CANANDAIGUA — Businesses such as Seneca Foods in Geneva and Kraft Foods in Avon often produce dented, damaged or otherwise defective cans that can’t be put on store shelves. They have been encased in plastic and taken by pallet to the Ontario County Landfill for disposal.
That could change, at least during a year-long pilot program that Casella Waste Systems wants to implement.
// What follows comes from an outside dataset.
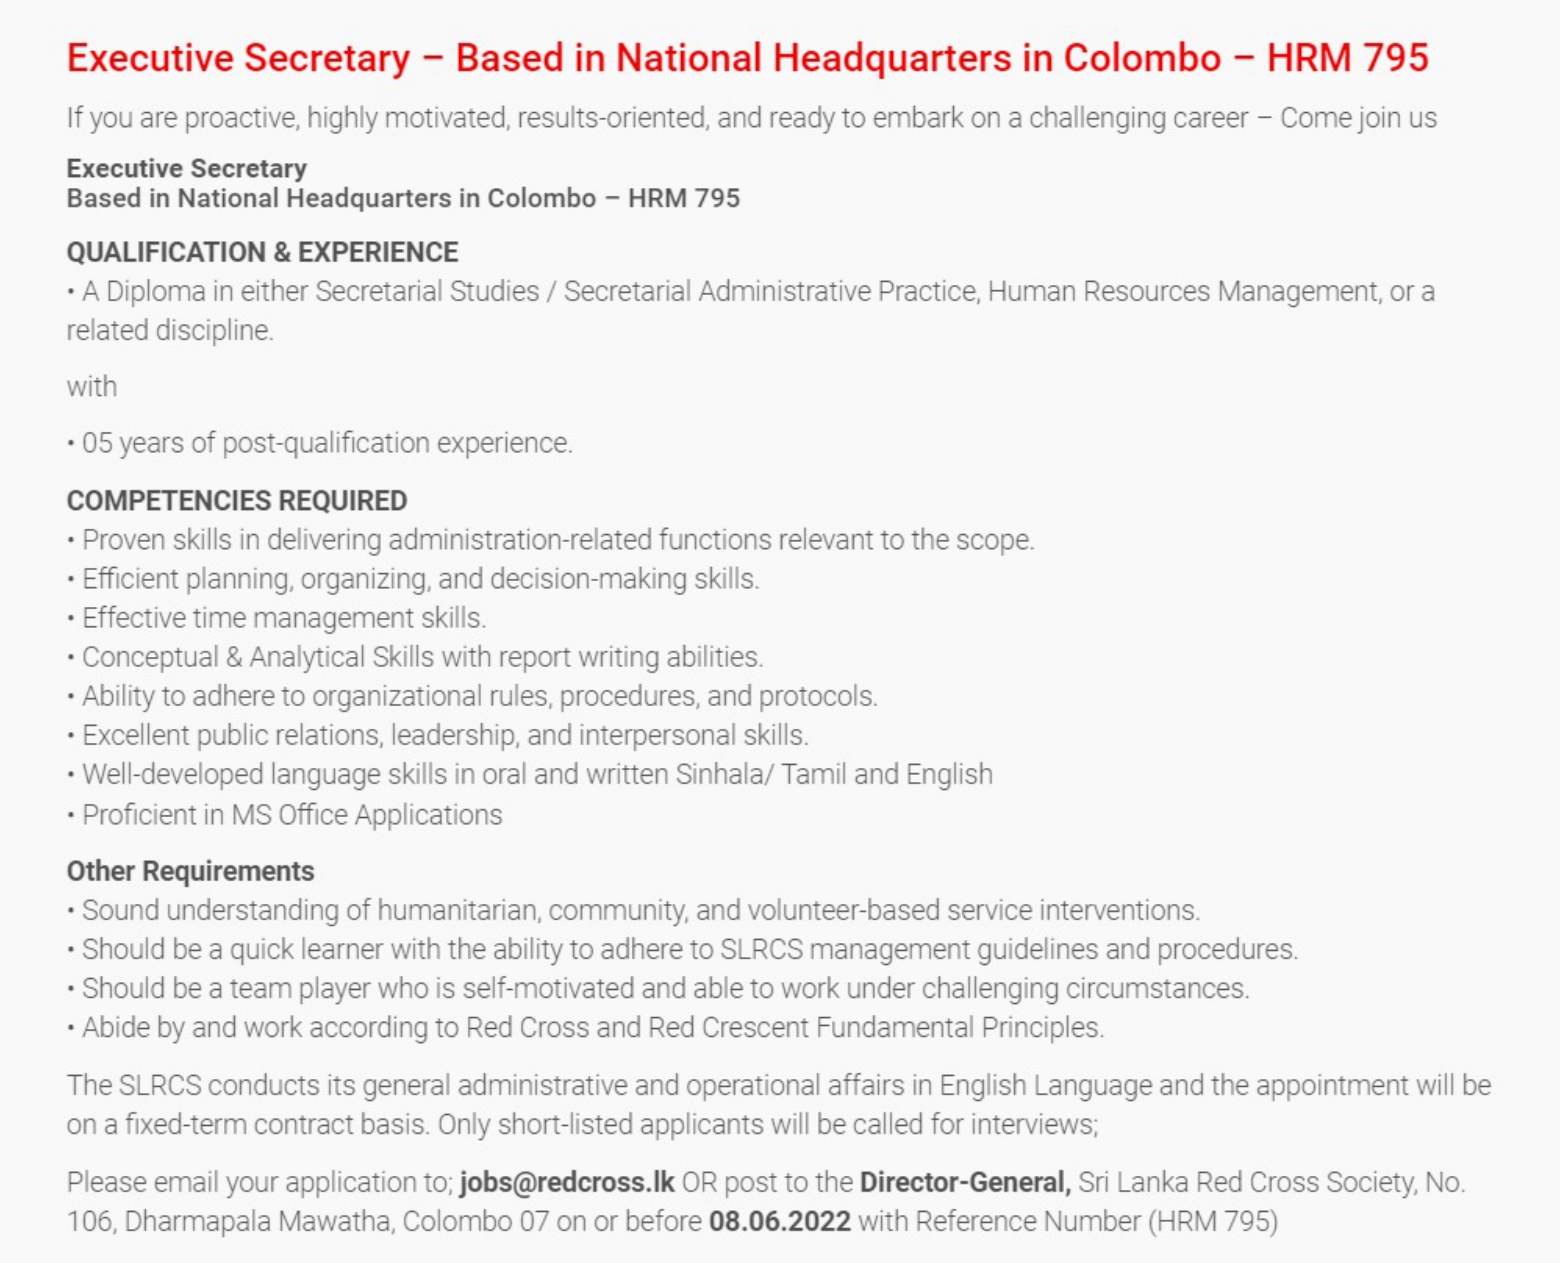 Executive Secretary Vacancies - Sri Lanka Red Cross Society (SLRCS)

Casella operates the town of Seneca landfill.
Company officials told the county Board of Supervisors’ Planning & Environmental Quality Committee Monday there is a machine called “Tiger” that will separate all organics or food inside those damaged cans, send the organics to a tank to be added to an anaerobic digester for energy production, and allow the clean, tin cans to be recycled instead of landfilled.
The committee voted 5-0 to recommend the full board approve give Casella authority to apply for a state Department of Environmental Conservation permit to establish and operate a 12-month pilot project that will separate food, beverages and other organic material from their packaging. The recycled materials would go to Casella’s onsite, material recovery facility. Anything that can’t be recycled or put into the digester would be landfilled.
Kristine Singer, Mark Venuti, Ted Bateman, Drew Wickham and Tamara Hicks agreed to endorse the application.
Jim Snyder, recycling manager at the landfill, said the Tiger machine uses an auger and centrifuge to separate the organics from its packaging.
“Seneca Foods is a big customer. They send pallets of plastic wrapped cans to us, as does Kraft Foods in Avon,” Snyder said. “This pilot would have three benefits of more recycling, using organics for the digester and reducing what goes into the landfill.”
He said the pilot has a goal of generating 10,000 tons of recycled material a year.
“We would not be looking at loose organics, just the food containers,” Snyder said.
In other action Monday:
• By a unanimous vote, it was recommended the county hire Impact Earth of Rochester to conduct a waste assessment at Finger Lakes Community College. The study, which would cost $3,000, will assess the college’s current waste collection and disposal programs, and make recommendations.